In Morocco, the mountains of the Anti – Atlas was identified a subspecies, with a colony of several thousand specimens.

Systematic

The classification of this species is complex.
According to the traditional classification kind Dracaena is part of the family Agavaceae, Liliales order while the classification APG III, thanks to genetic studies, places like the kind Dracaenanella subfamily Nolinoidea of Asparagaceae ( Asparagales order).

Dragon tree fruit
Dragon tree fruit

Indigenous peoples of the Canaries (Guanches), considered Magic the Dragon Tree. Perhaps due to the fact that if it affects the cortex , incision gushes a resin that when oxidized assumes a reddish colour, for this reason known as dragon’s blood, very sought-after in ancient times.

The dragon’s blood was already known at the time of the Romans, who used it as a dye in the Middle Ages and was much sought-after by those who, like magicians and alchemists believed in it’s the therapeutic virtues. In the eighteenth century it was also used as a mordant for mahogany.

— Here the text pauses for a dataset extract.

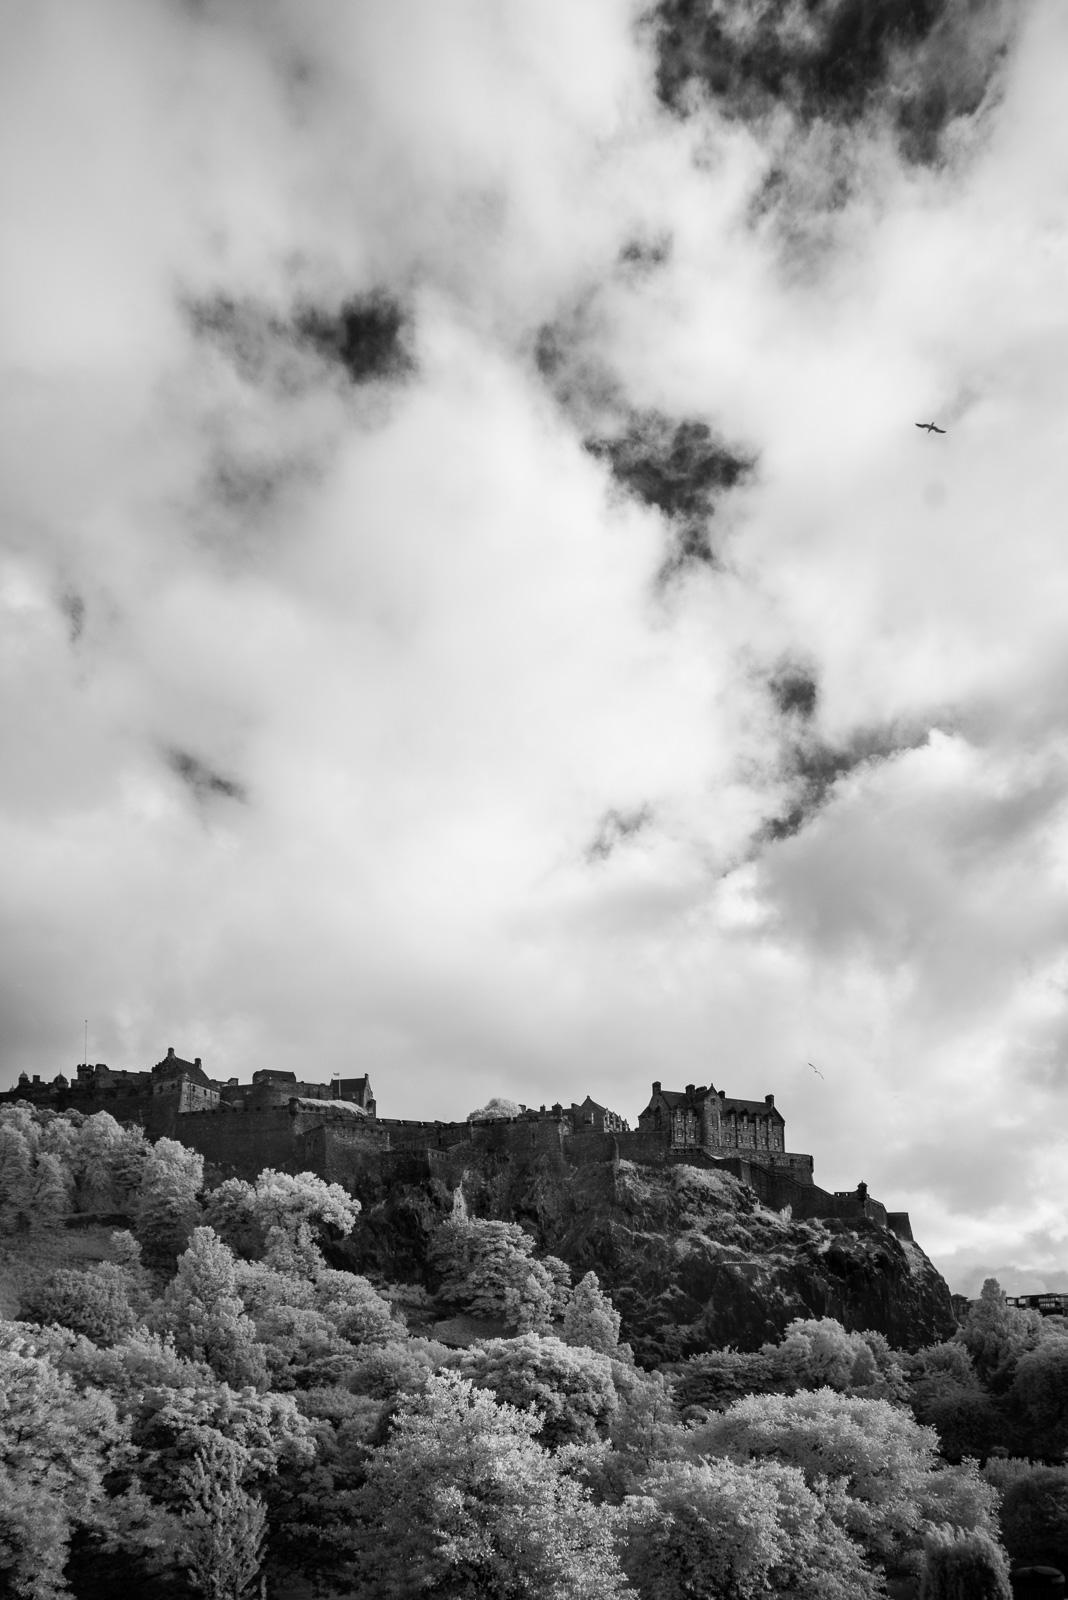 Europe Day 7: North to Edinburgh

In Tenerife in Icod de los Vinos, you can see the “Millennial Dragon” which is a tourist attraction. It is considered by someone ultra millennial, other say may have even 3000 years .

In addition at the Monte Paradiso within the Archaeological Park of the ancient theatre of Taormina, it was identified a spontaneous population of about one hundred specimens of which some secular.